Perhaps expansion microscopy could even make a great teaching tool. When students first start studying biology, they often find it difficult to imagine what tiny structures look like, and most schools do not have the resources to buy advanced microscopes. But they can probably afford the materials for expansion microscopy. Medical school students could study what human tissues look like on a level of magnification never been taught before, and high school students could see brain synapses under a standard microscope, bringing an inspiring world into whole new classrooms. Pathologists who make diagnoses based on patient biopsies may have an easier time, after expansion, identifying the differences between normal and diseased tissues. The applications go far beyond the research lab.
Expansion microscopy is a great example of how thinking outside the box can revolutionize a part of science, and it’s easy to imagine the technique microscopy becoming common in labs everywhere. I, for one, am very excited to see all the tiny things that people will see, after they’ve been made a lot less tiny, especially viruses and single cell organisms. Speaking of making organisms bigger, a quick note to the science fiction fans: this technique cannot be performed on living organisms. So don’t expect titanic squirrels or monster hamsters to infest the world any time soon – at least not because of this research.

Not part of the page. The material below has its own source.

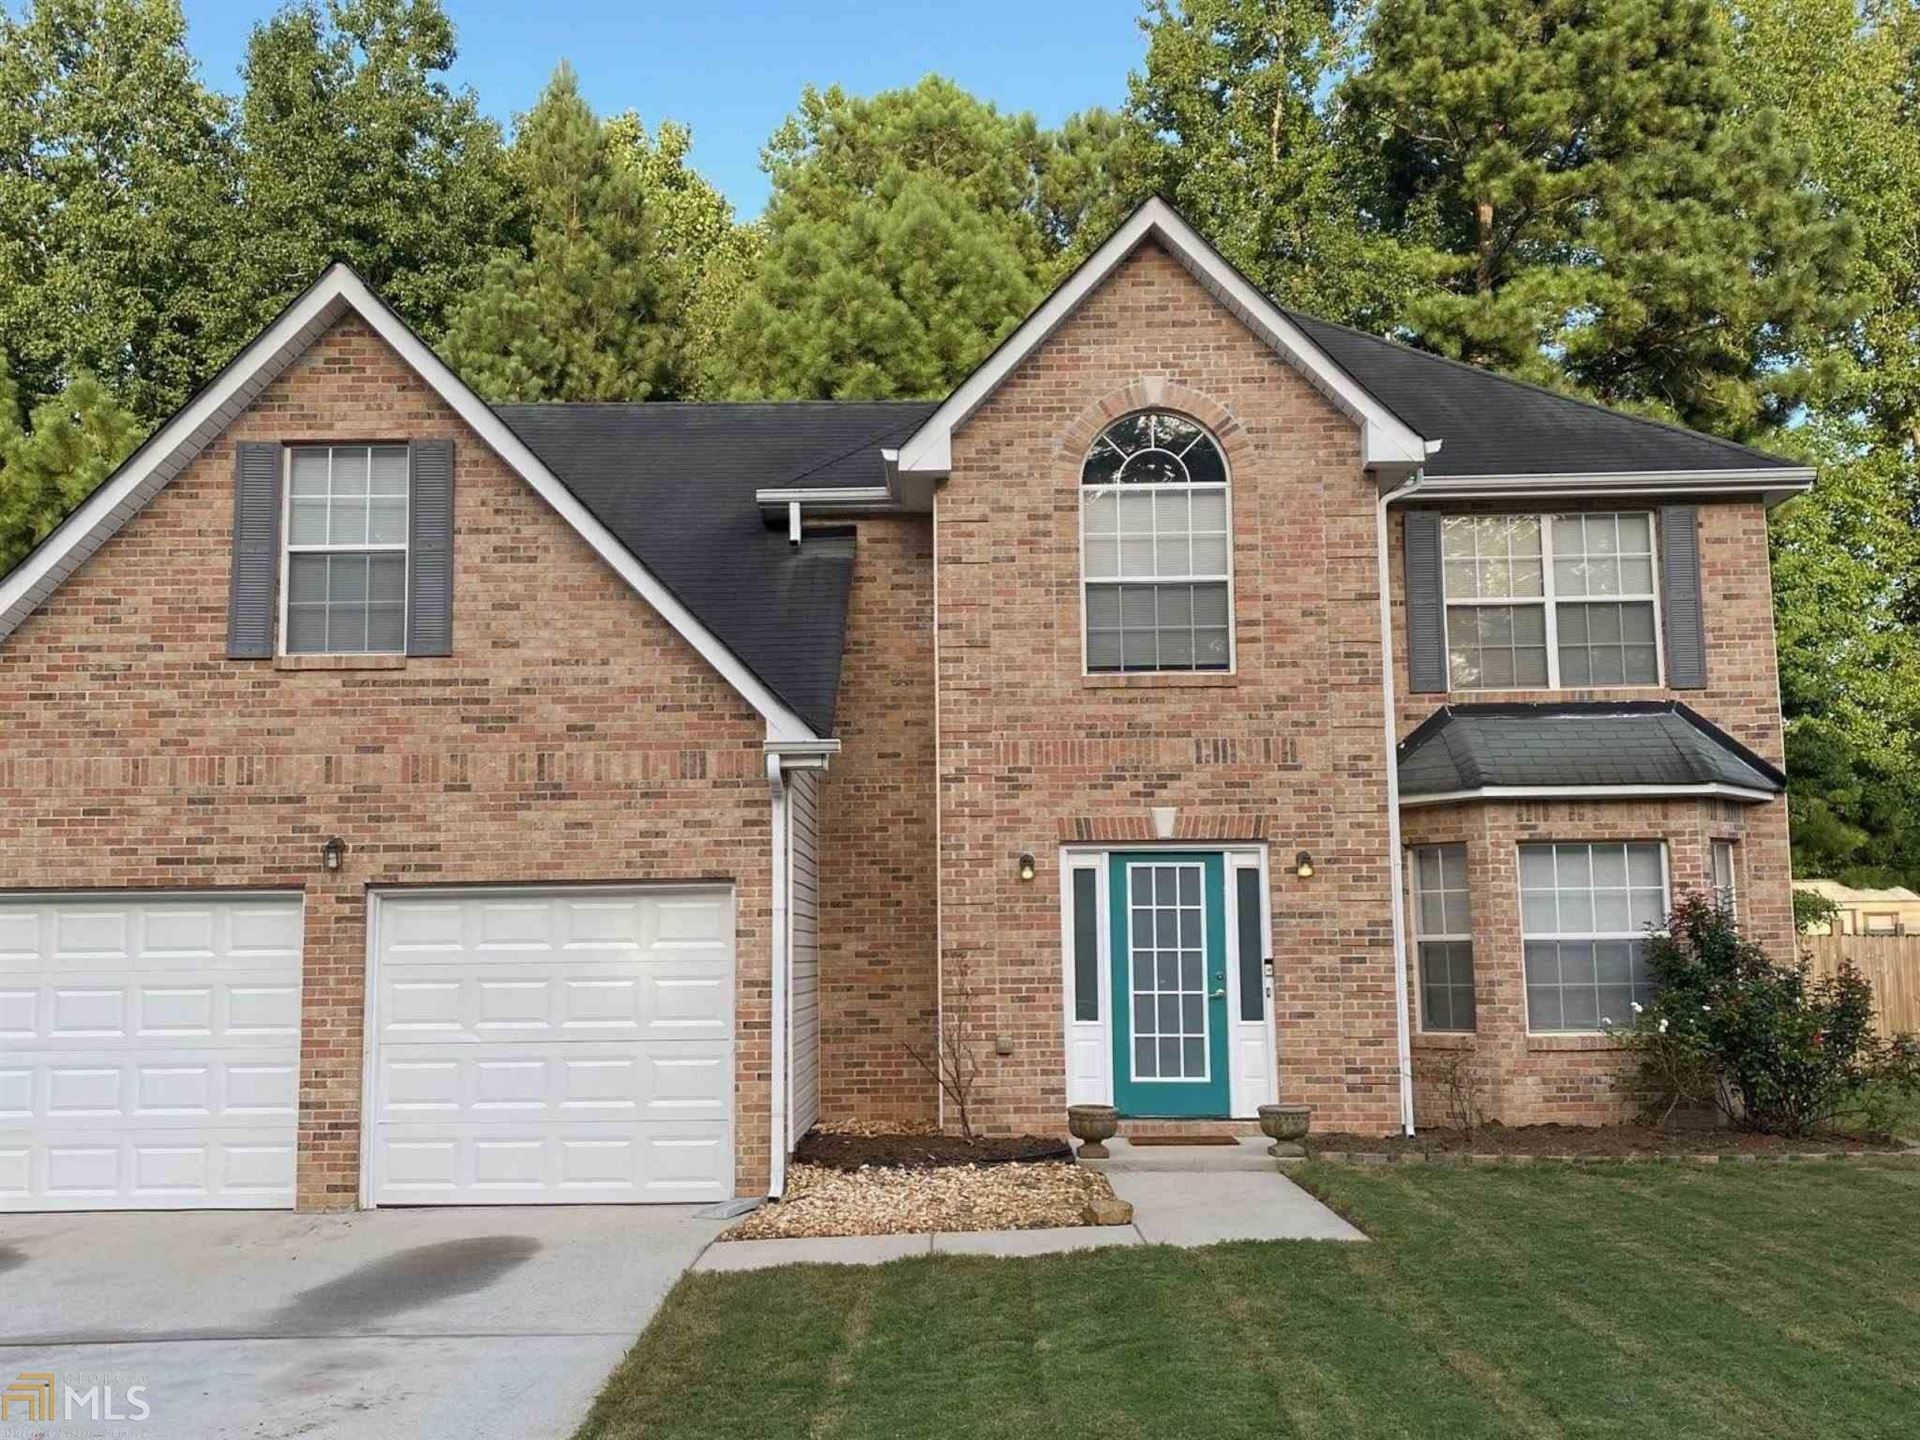 1861 Smithfield, Ellenwood, GA 30294 - MLS#: 8852479

David Haggerty: I’ve tried using expansion techniques to enlarge neurons, which made them explode, but nonetheless I think this is going to be an amazing technique for studying other cell types and sub-cellular structures. This is a great overview of the limitations in imaging and how to overcome them.
Danbee Kim: When you call it cheap, are you thinking on the scale of a typical lab budget, or on the scale of a typical individual’s budget? This is an important detail that often gets forgotten: for a lab, something that costs $1,000 is cheap, but that price tag is completely inaccessible for individuals.
Gregory Logan-Graf responds: It’s basically the cost of pouring an acrylamide gel. I am trying it in the lab now, and it cost about $250 for me to get all the materials (granted, we had some general items in the lab already).
Michael Graw: You use brain tissue as an example, but is this something that could work in bacterial cells that don’t have nuclei or organelles but, rather, just a mess of cellular machinery floating around? They’re also a lot smaller than human cells to begin with, so if this expands them, but still not enough to resolve detail with a light microscope, is this technique compatible with electron microscopy on enlarged cells?